EXERCISE MATERIAL.
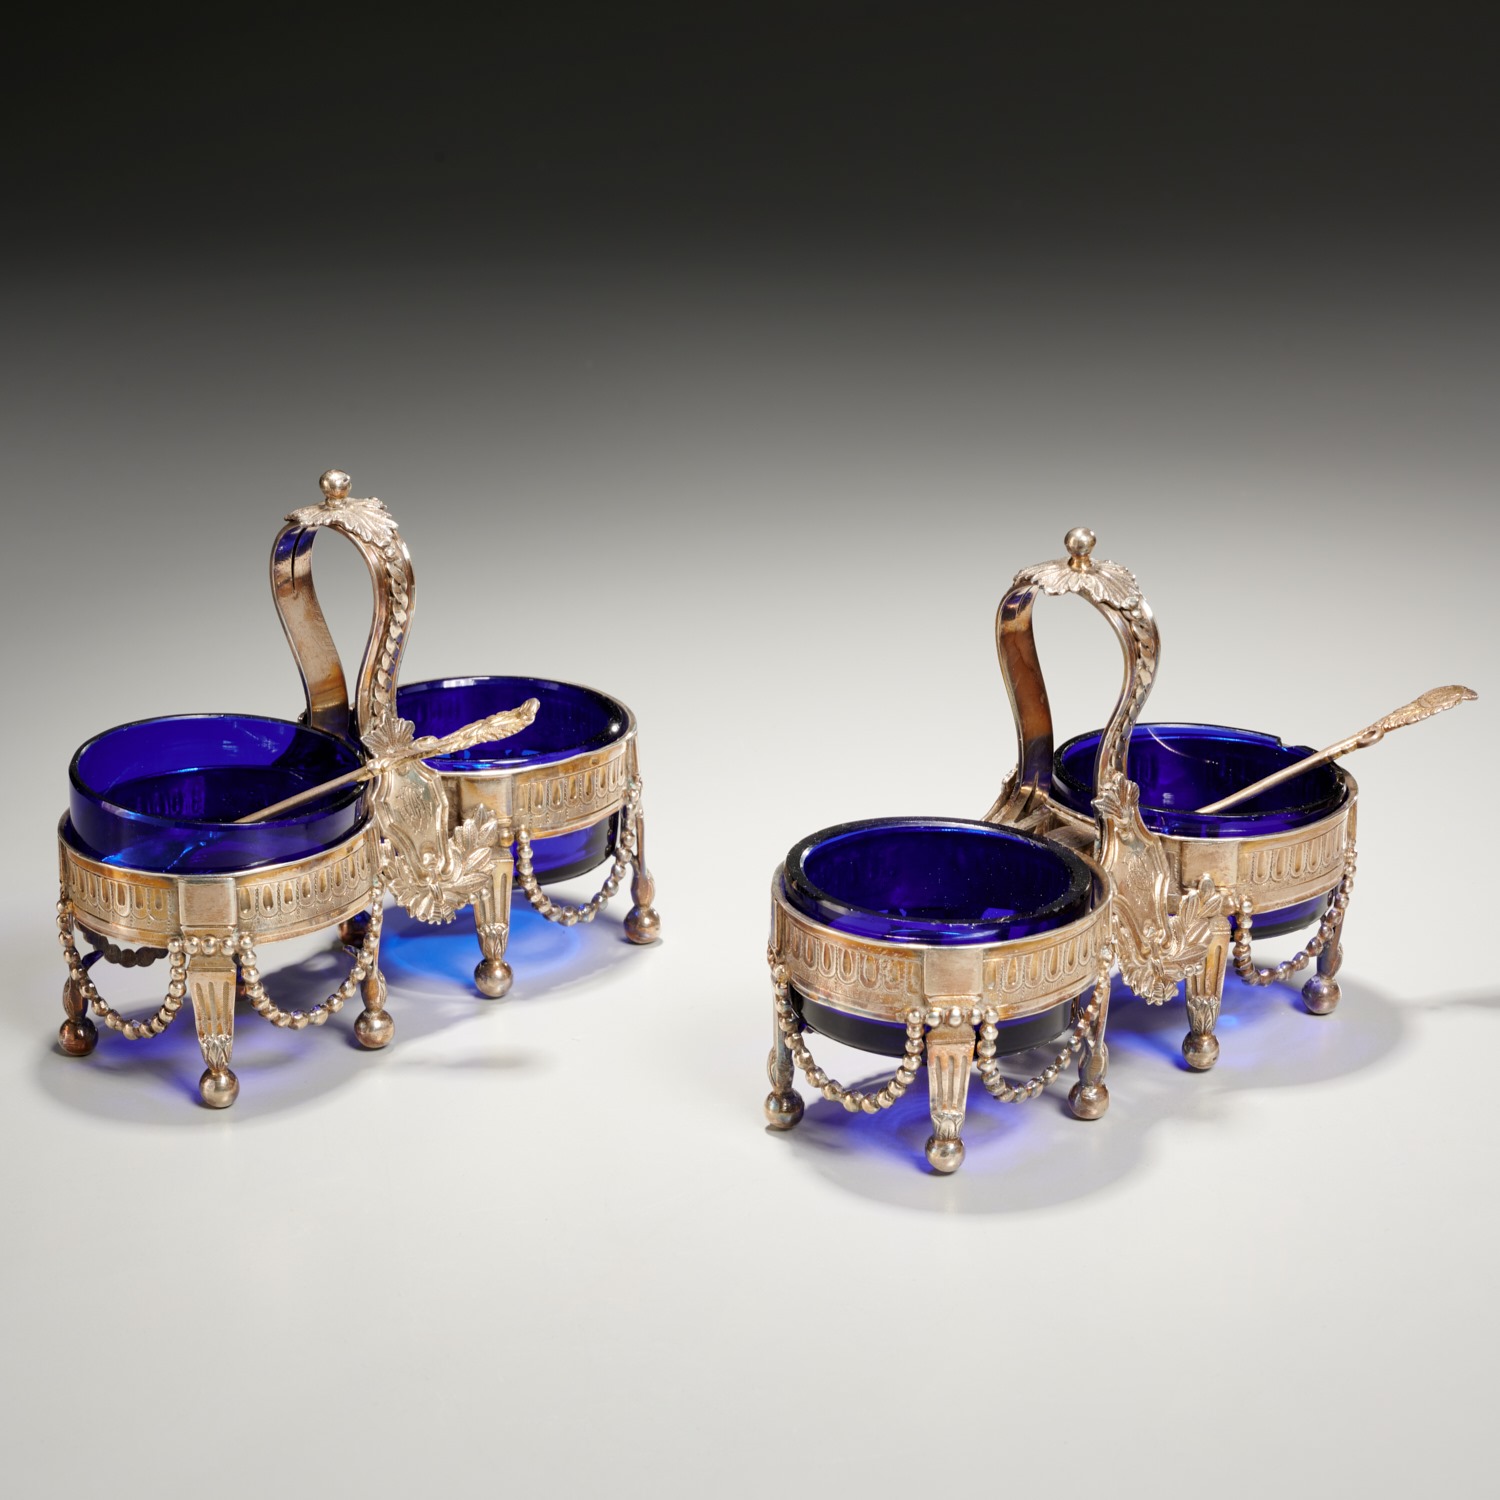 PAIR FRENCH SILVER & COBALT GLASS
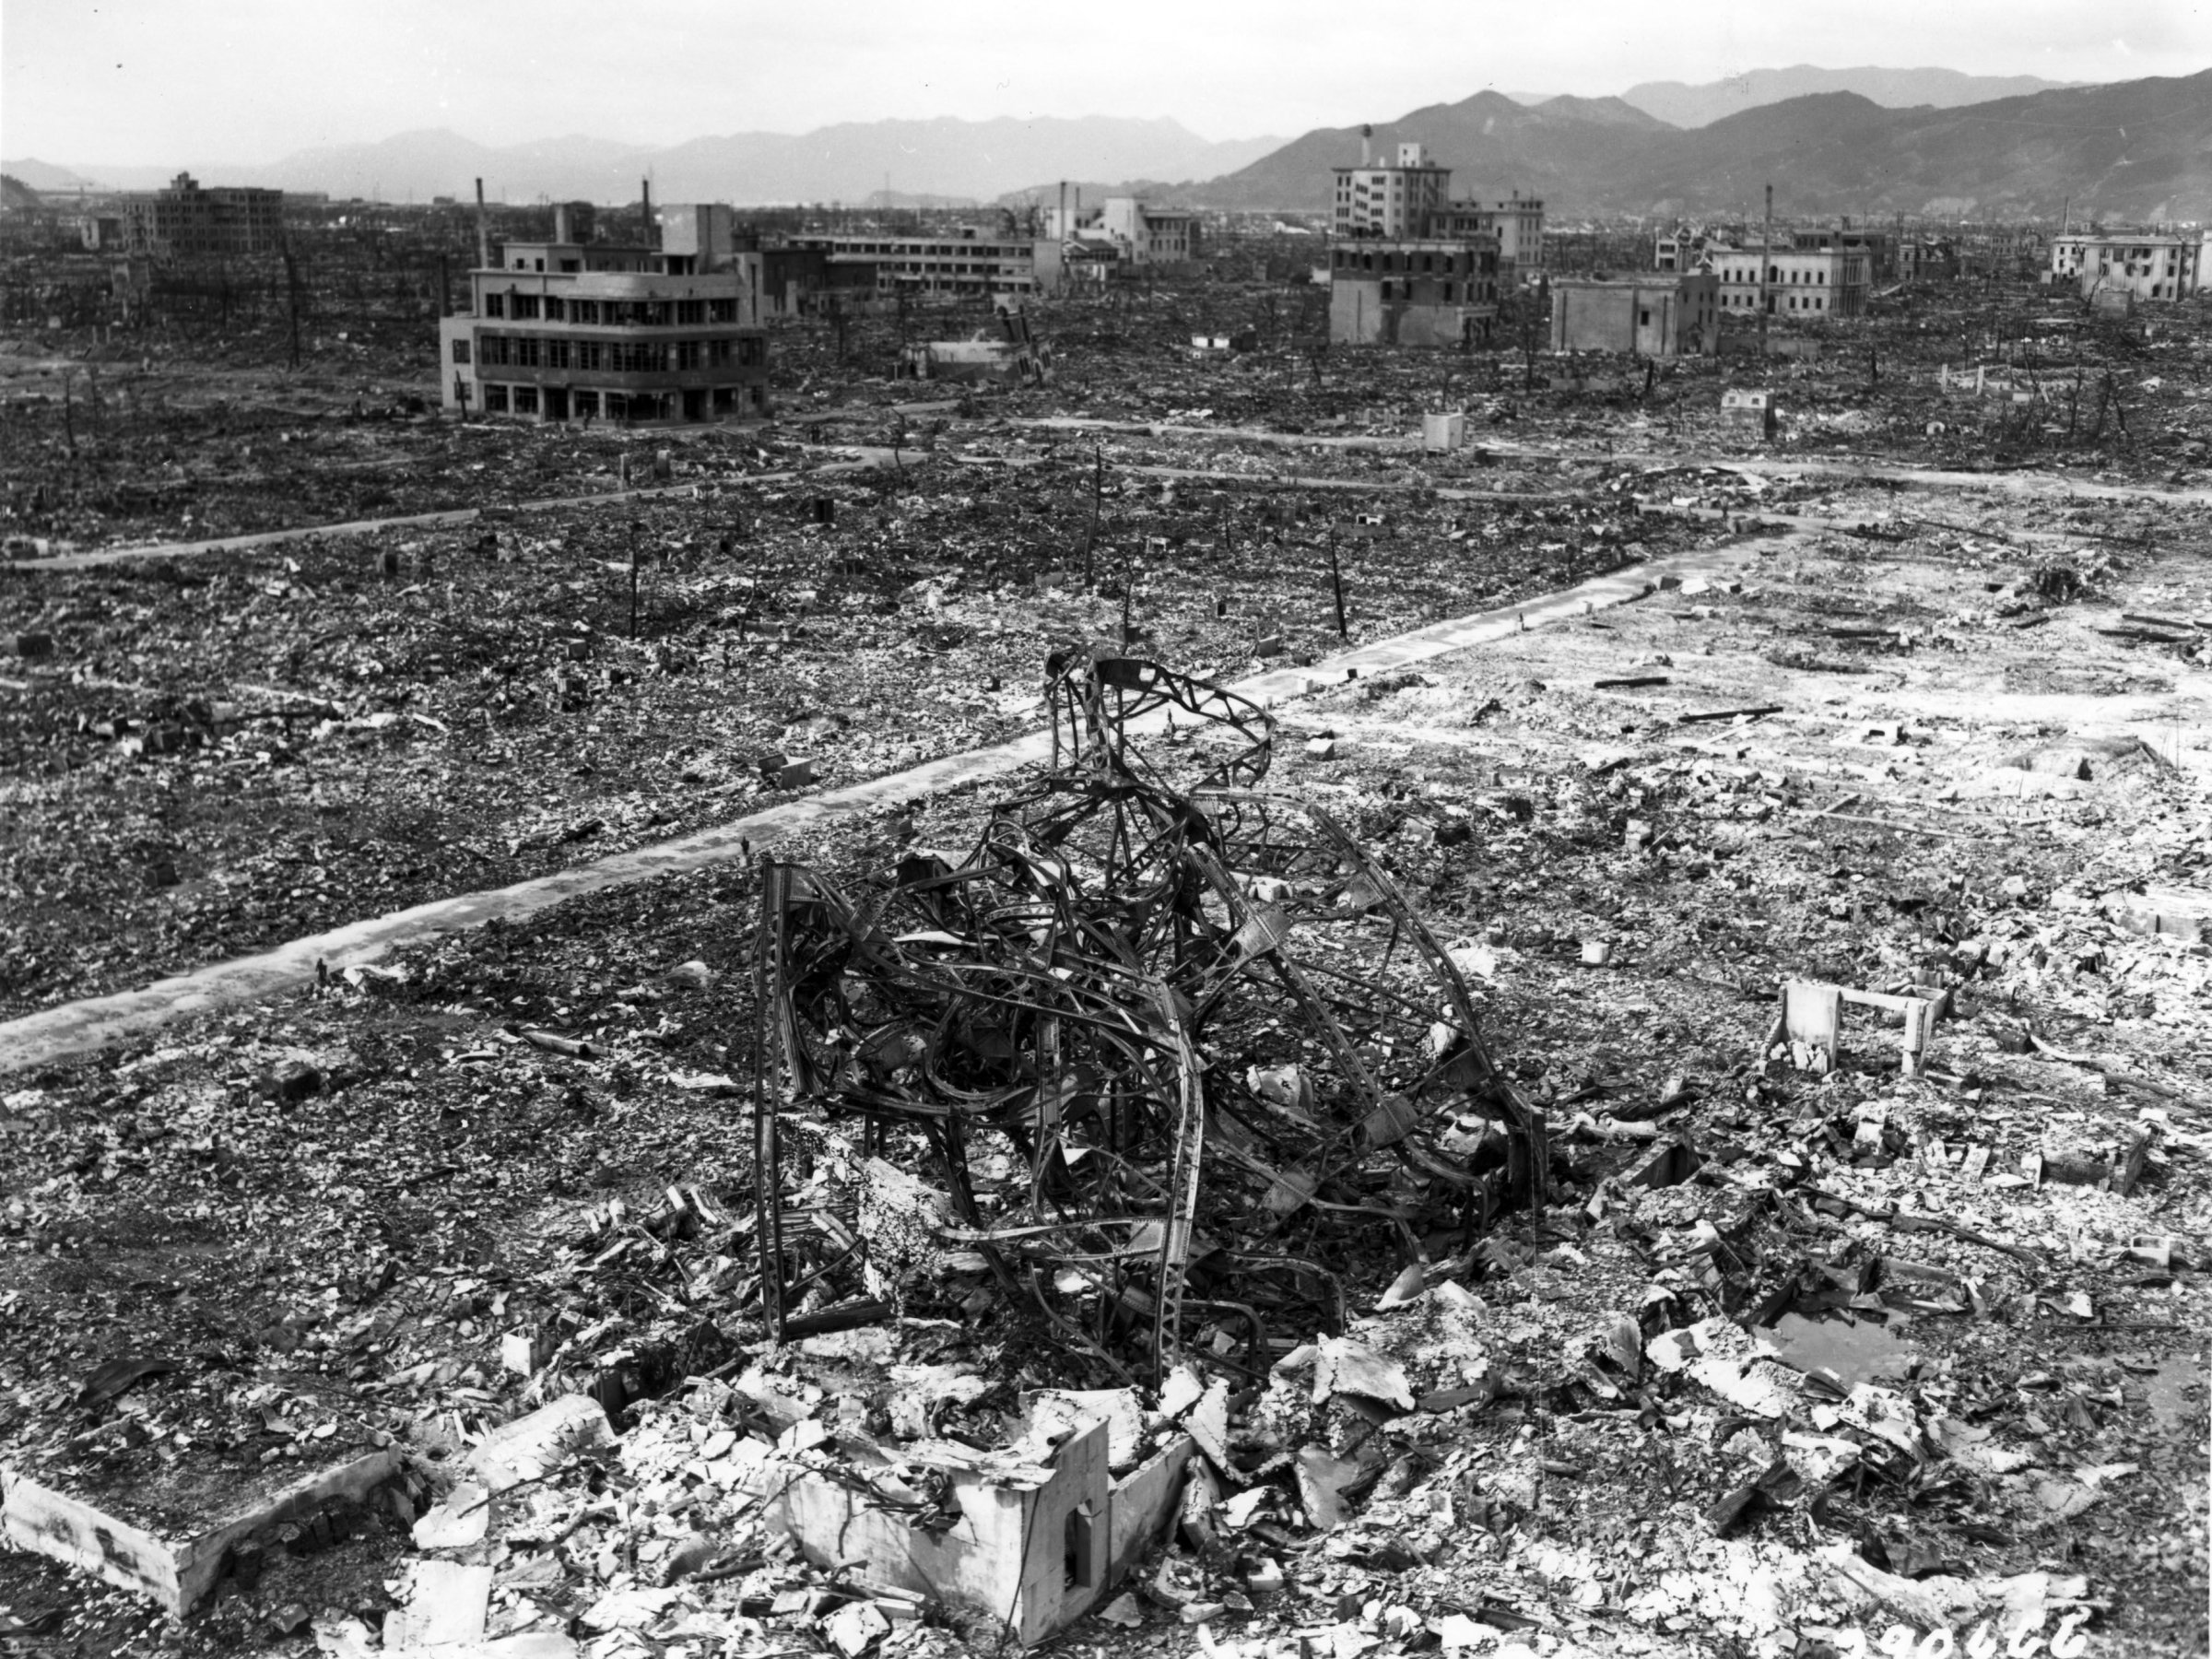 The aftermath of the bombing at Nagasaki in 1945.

...

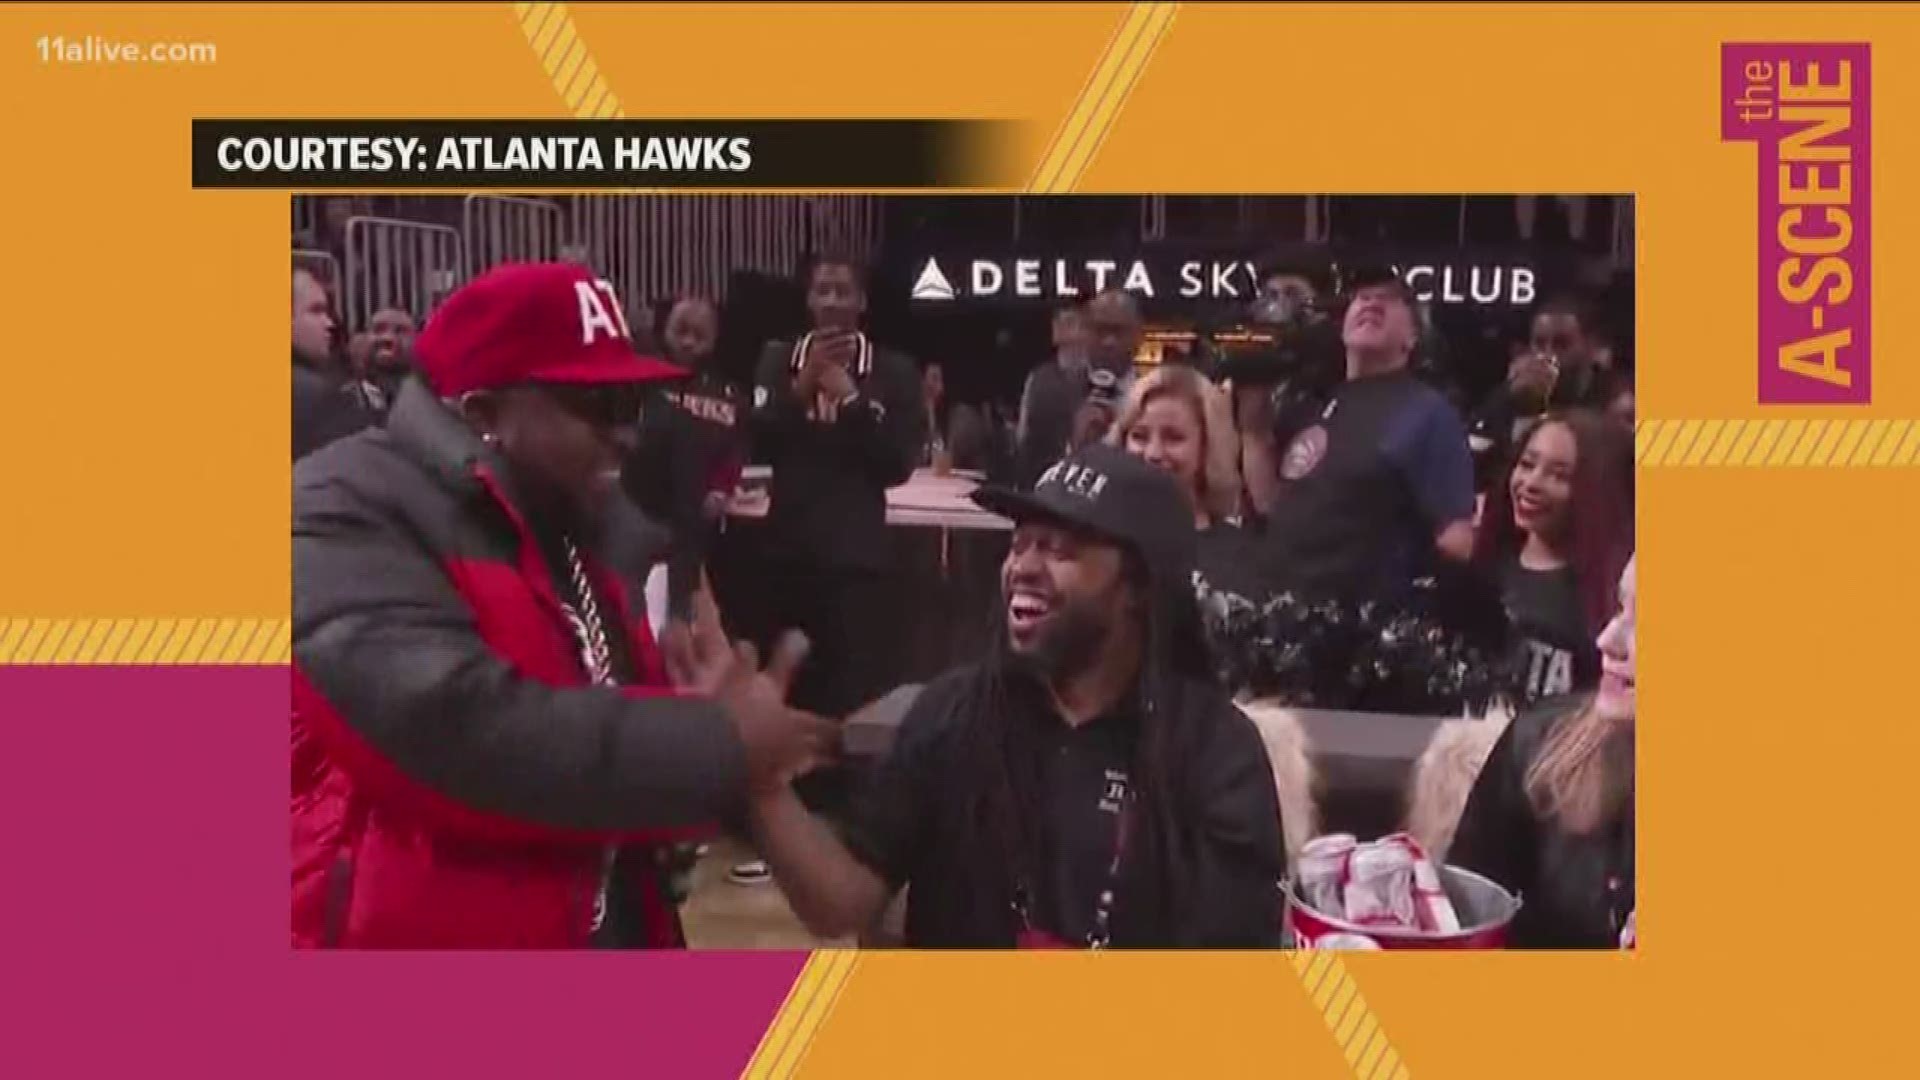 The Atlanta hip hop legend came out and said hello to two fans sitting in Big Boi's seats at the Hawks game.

--

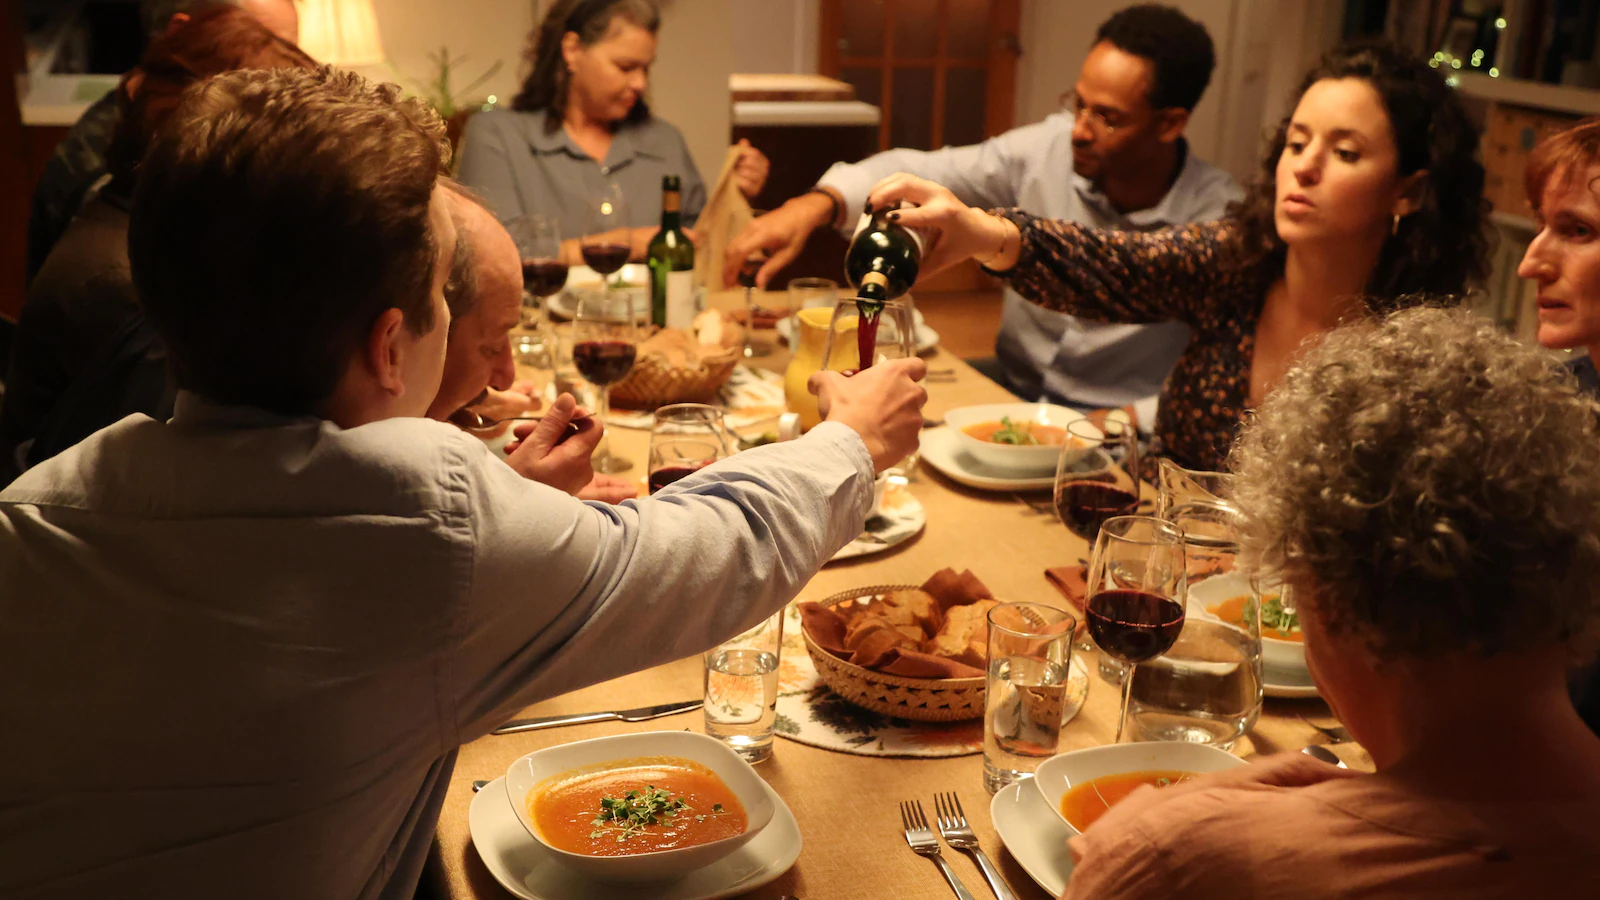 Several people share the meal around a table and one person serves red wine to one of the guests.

AIM OF THE EXERCISE.
Working from the records above, set down word for word everything from the line containing "PAIR FRENCH SILVER & COBALT GLASS" down to the line containing "The aftermath of", ends included, minus the pictures.

SOLUTION TO THE PROBLEM.
 PAIR FRENCH SILVER & COBALT GLASS
 The aftermath of the bombing at Nagasaki in 1945.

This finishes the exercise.